There’s been a lot of talk lately about the government wanting to give Canadian consumers choice when it comes to their cable and satellite channels. Rather than being forced to purchase “bundles” of channels, the option to pick and choose seems like a good one. I know in my household, we watch a limited number of stations, and reduced our bundle package down when we realized we were paying for many channels that we didn’t watch, and only one “good” one in a certain bundle. It just doesn’t seem like smart buying. If we went to the grocery store and had to buy six boxes of cereal we didn’t like, in order to get one box that we’d eat, I’d switch to toast.
So what if we did that at bookstores and libraries? What if we put together bundles of books in different genres, say, and make patrons take them home. Would you continue to read? Would you read something you might not normally have picked up just because it was part of the bundle? Maybe. It might honestly be a good marketing ploy for libraries to do that. We might encourage readers to experiment, and also expose them to authors that might not be getting the “read” time others do.
But it might also make you hate us. I think this is basically where people stand on cable and satellite companies right now…a love/hate relationship. We’re bound to the companies in order to get our entertainment fix. If we had the choice, though, we’d all rather pick and choose.
So why aren’t the TV providers switching gears, aside from the obvious fact that they are probably making money off bundles? Wouldn’t they garner more customers (and therefore, customer satisfaction) if they allowed choice? That’s what we think. They’re not convinced.
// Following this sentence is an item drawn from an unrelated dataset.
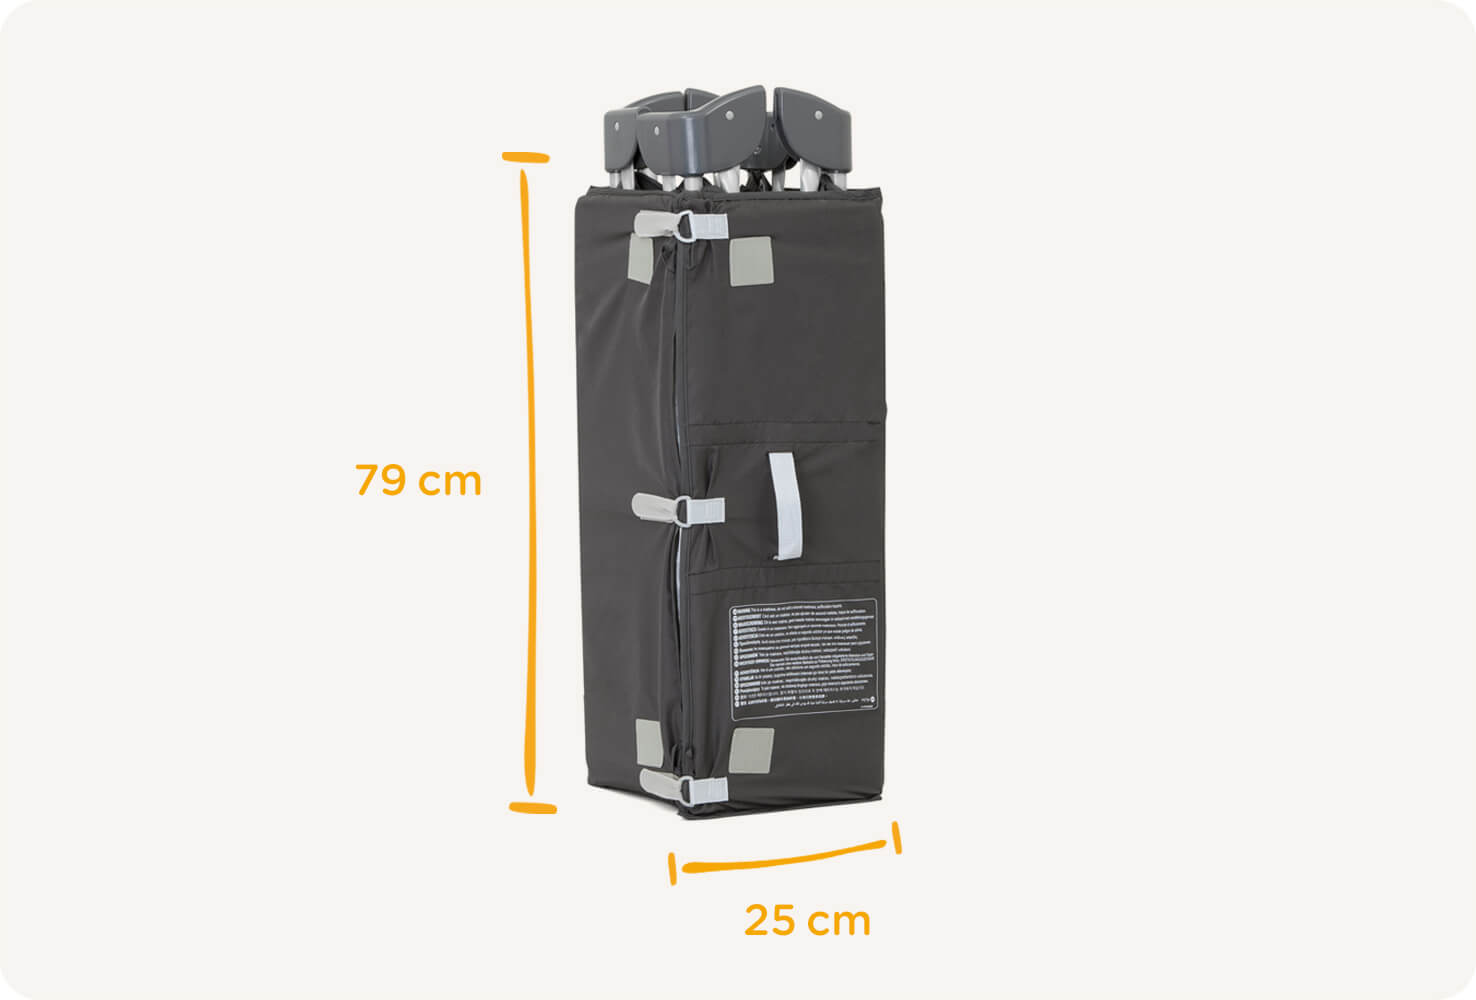 The Joie travel cot commuter change in grey packed up in travel case with measurement of 79cm height and 25cm width.

Allowing customers to pick and choose would do a number of things: make the prices of individual channels soar, make many channels disappear altogether because they are essentially being paid for by subscription bundles, and make some channels merge with others, which would limit our choices once again. Of course, you’re not paying directly for books when you come to a library (your taxes do that part for you), so you might not feel like anything was being wasted if you took home a bundle of books and only read one of them. (The argument there, of course, is that people who don’t use the library are wasting their tax dollars altogether. But that’s a completely different problem. Let’s stick to the idea of bundles.)
We’re “stuck” with the choices libraries make for us, as well, when you think of it, but in a much broader sense. If they don’t carry a particular book, we’re able to ask for it through interlibrary loan, which is almost like purchasing a specialty channel, but without the fee. The idea of freely walking through a library or bookstore (or grocery store) to choose what we want is the most rewarding experience we can imagine. But would you think less of us if we occasionally suggested a great book we think you might like, even if it was something different than you usually take with you? Probably not.
Don’t worry, we won’t start bundling our books any time soon, but it’s interesting to think about the concept the way they do in television. What do you think?